A three-piece grrrl punk band from Texas, GiAC is signed to Joan Jett's record label. As I wrote last week, they're got a great sound: a Sleater-Kinney edge, with those Jetty hooks we all love. They stopped by Mesa as a warm-up for their gig at the much more impressive Knitting Factory in LA on Friday. They've been through town before, building a nice little local fan base that turned out to see them play a late set (10:30 start time) on a weeknight.

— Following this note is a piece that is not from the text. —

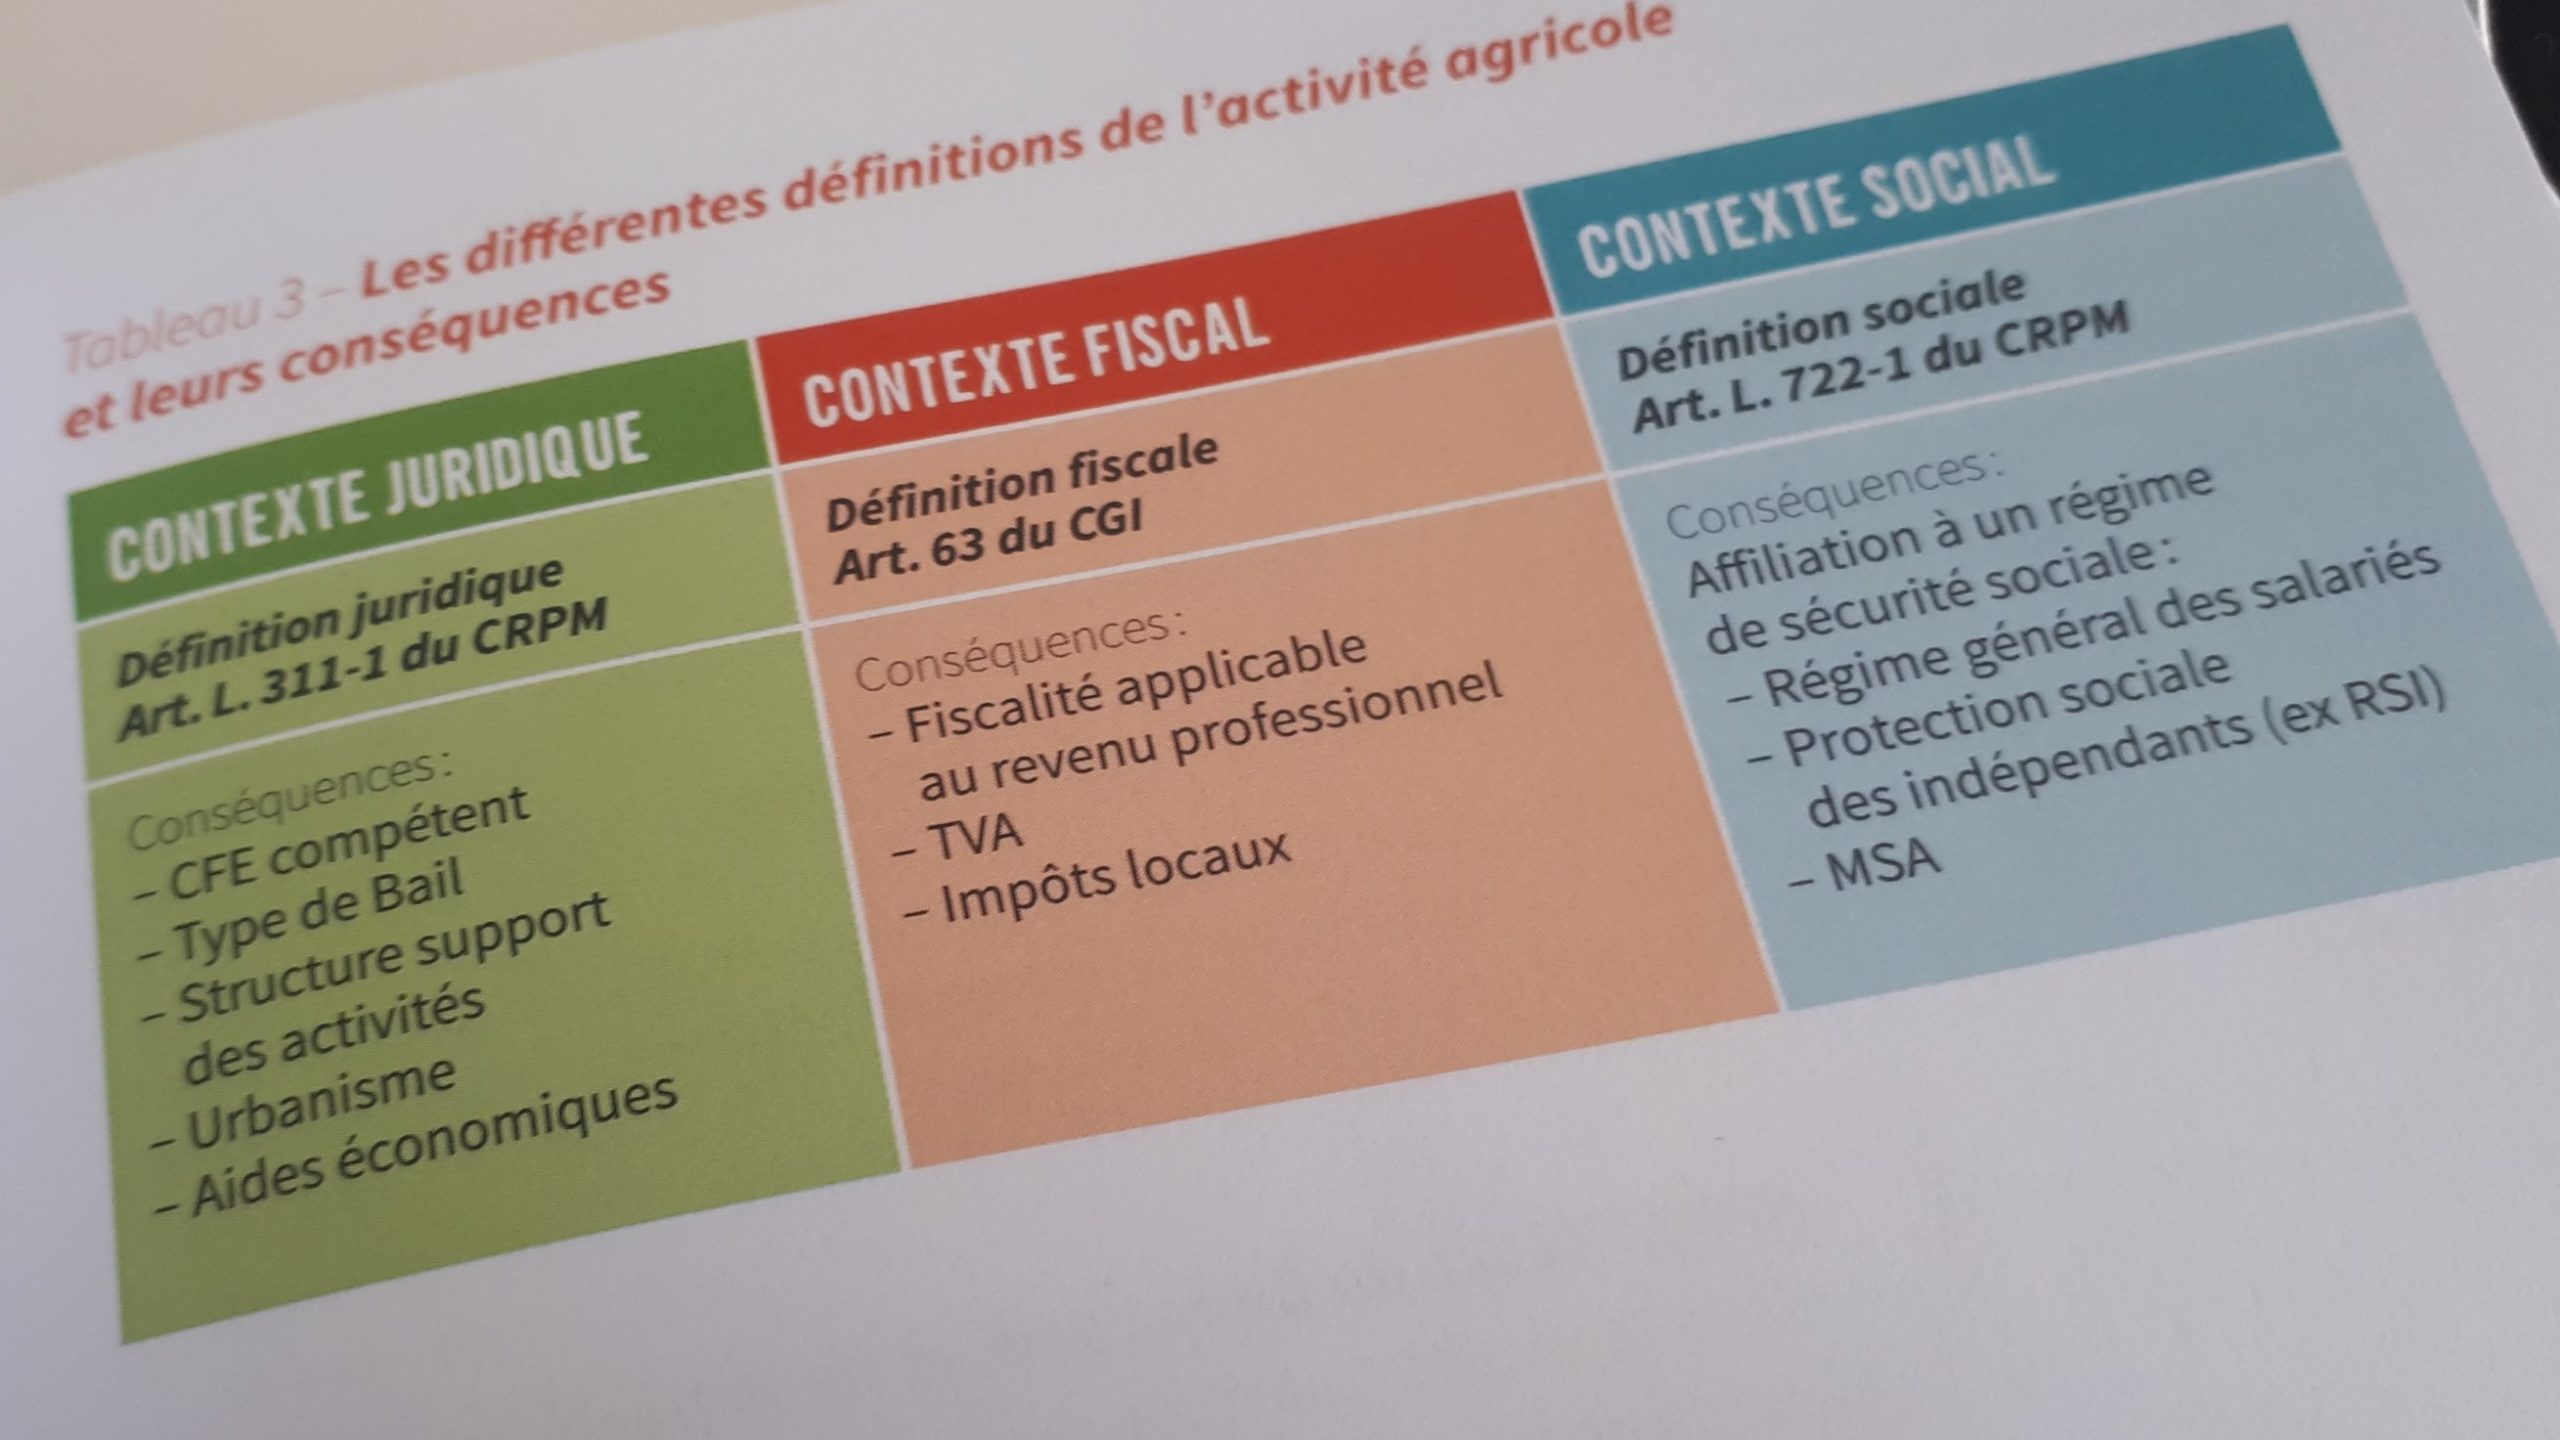 Les trois contextes de définition de l'activité agricole, dans le livre d'Amel Bounaceur

Singer Nina Diaz's remarkable voice is the cornerstone of the band's sound, and she was on Wednesday night. Often compared to Morrissey - I would argue that's mostly because the band's name is a reference to a Smiths' song, not because she actually sounds like Morrissey - Diaz sounds equally natural in a full-on snarl or a delicate Debbie Harry "In The Flesh" coo. According to this interview on Suicide Girls (ourĀ preferredĀ source on such things) she's also very young - either 20 or 21 - but you'd never hear it to her belt out the grown-up "Clumsy Sky," which she did near the end of their hour-long set. "Pleasure and Pain," a new song, and their ballad "Road to Home" were also standouts. Nina was by far the most animated on stage, her eyes growing in to saucers as she sang, while her sister, drummer Phanie Diaz, and bassist Jenn Alva played well but didn't around move too much.

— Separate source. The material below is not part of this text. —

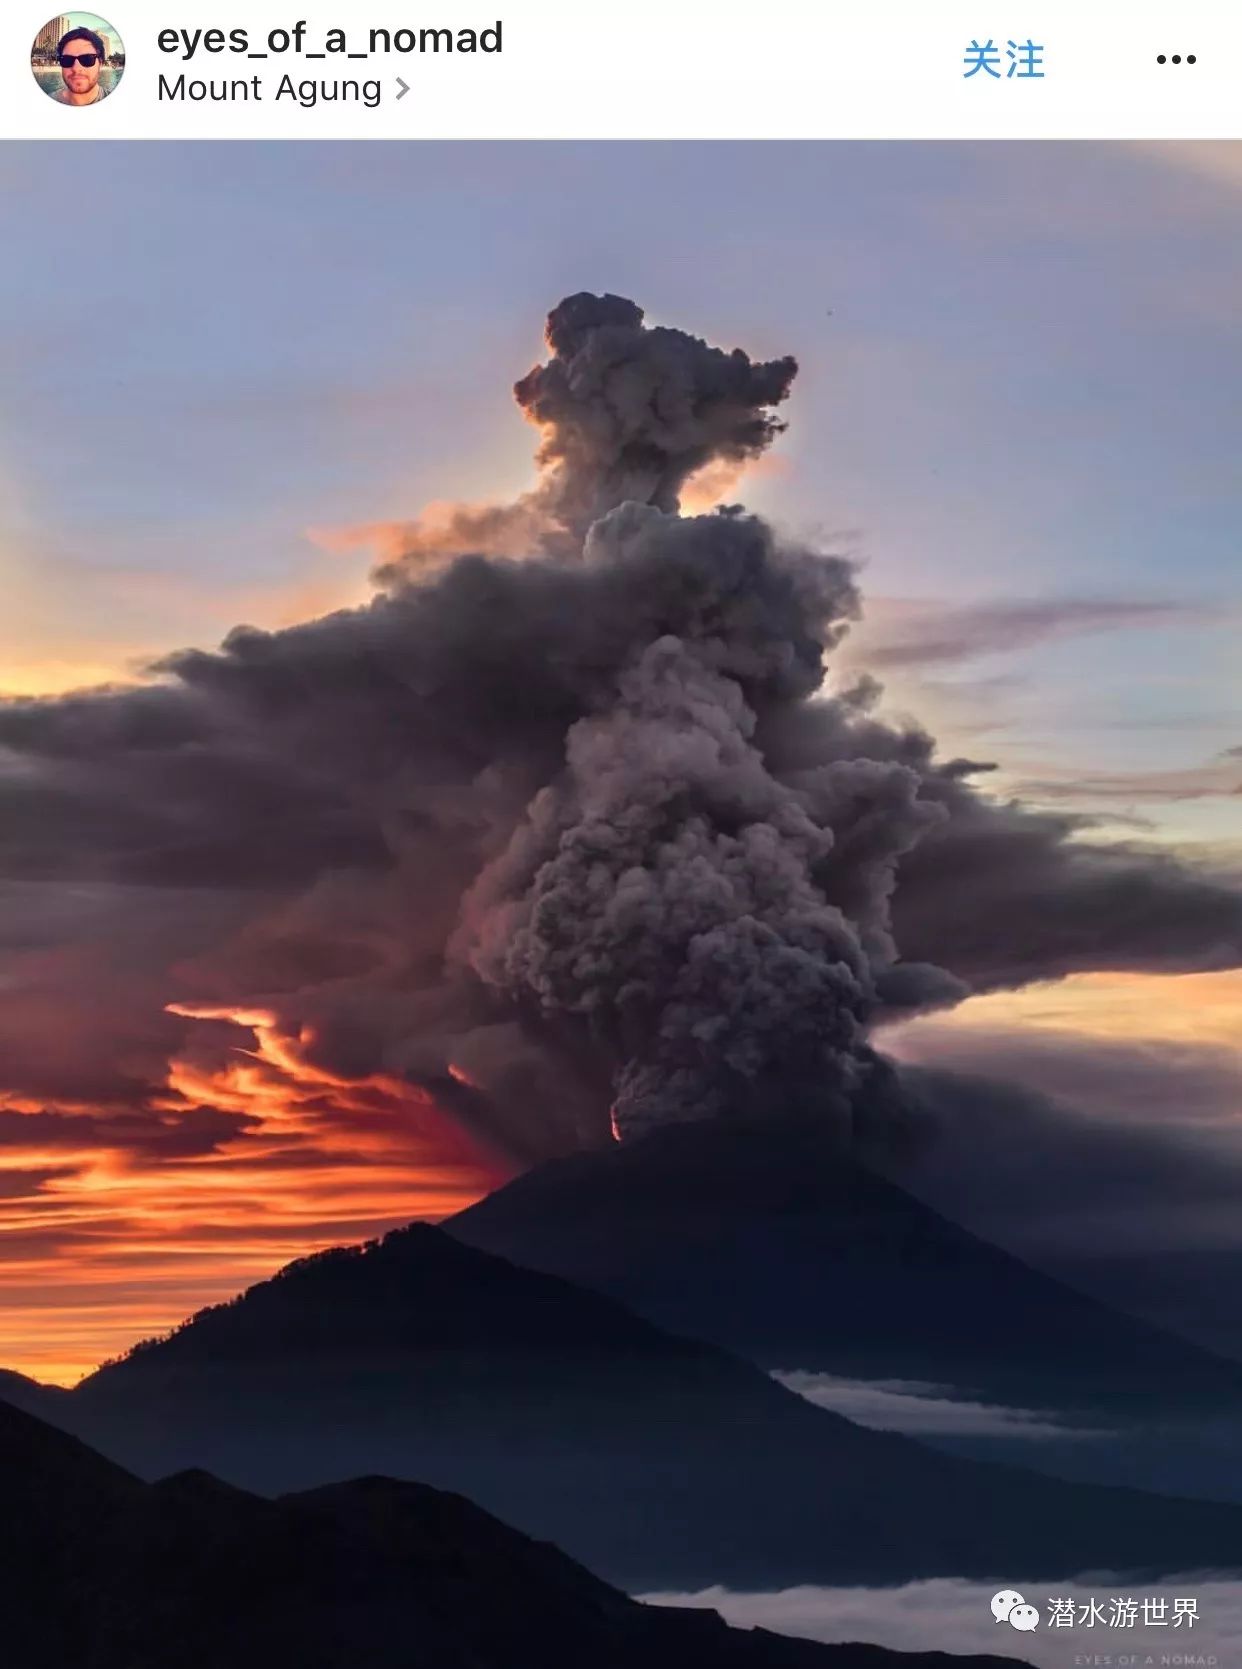 巴厘岛图蓝本火山真的喷发了潜水员还能去吗

The atmosphere left a little something to be desired. It was an impressive crowd, but with people slouched comfortably in high-back booths, there wasn't much energy. The sound at the Alley was also pretty tinny. I'm no acoustic engineer, but maybe it's a bad idea to hang sheet metal on the walls of a concert venue, even if it does look super punk rawk. And, really, $10 to see a band on a Wednesday night also seems pretty steep. I'd sure love to see these girls at The Yucca Tap Room, where there's always no cover, almost everyone standing and soft wood on the walls.

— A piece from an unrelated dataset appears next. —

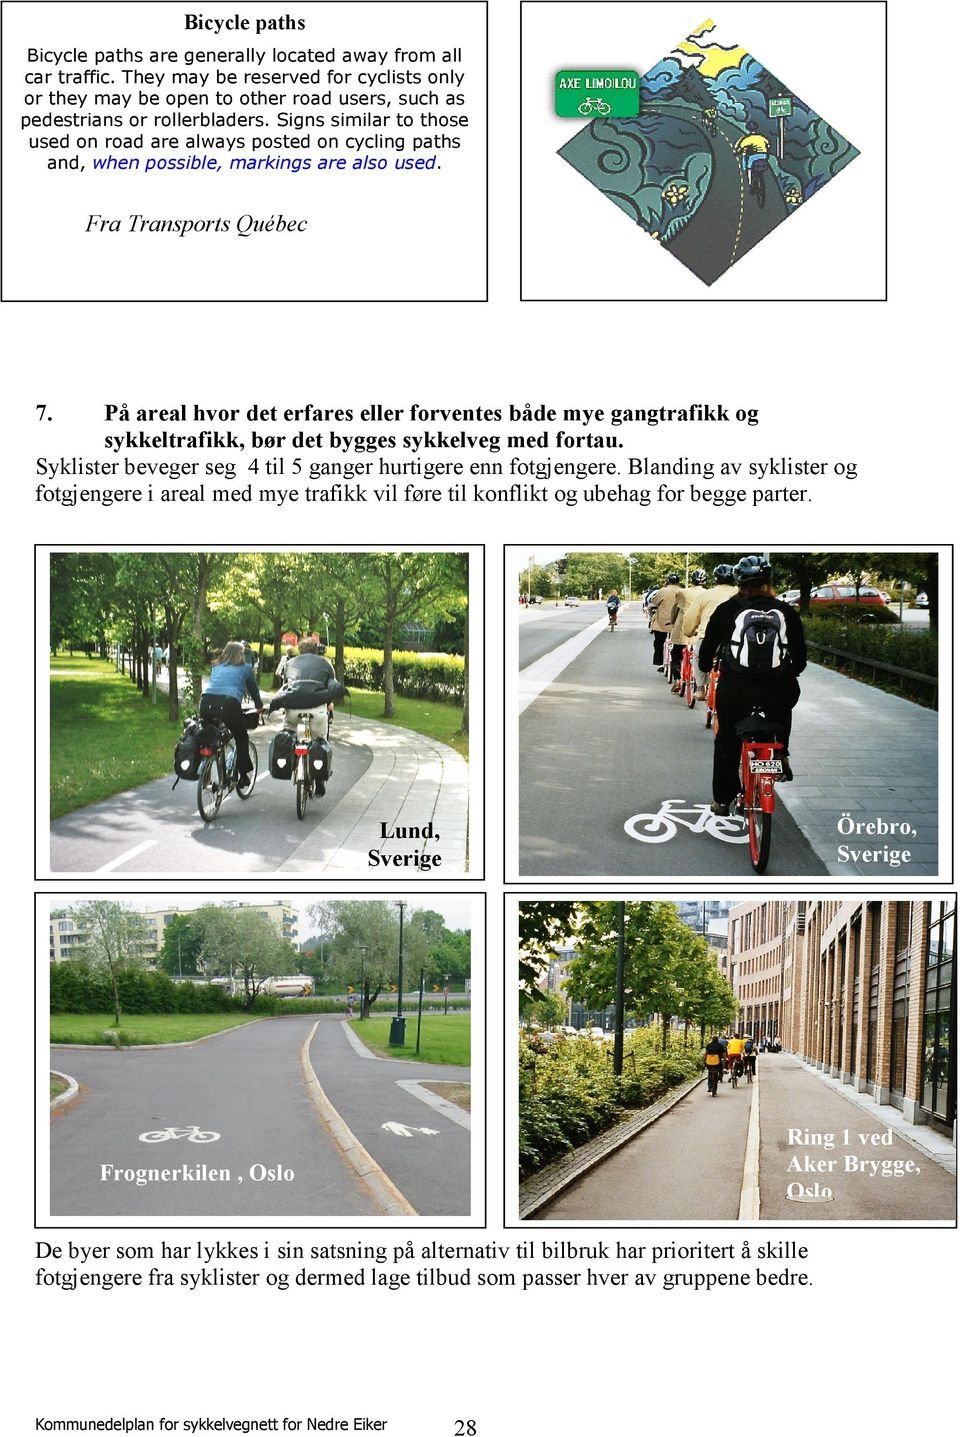 På areal hvor det erfares eller forventes både mye gangtrafikk og sykkeltrafikk, bør det bygges sykkelveg med fortau. Syklister beveger seg 4 til 5 ganger hurtigere enn fotgjengere.

Alas, mine is not to book the shows, only to criticize them. --Martin Cizmar

Critic's Notebook:

Last Night: Girl in A Coma at Hollywood Alley on Dec. 3.

Better Than: Subscribing to Suicide Girls "for the articles."

Personal Bias: I'm always down for a little grrl punk.

Random Detail: I liked the lone star/Dallas Cowboys star stuck to the drum kit. More bands should make a nice little nod to the motherland on their bass kick.

Further Listening: I'm a huge fan of "Their Cell," which you can hear on their MySpace.

By the Way: "We really like this venue, so come support it," said Nina.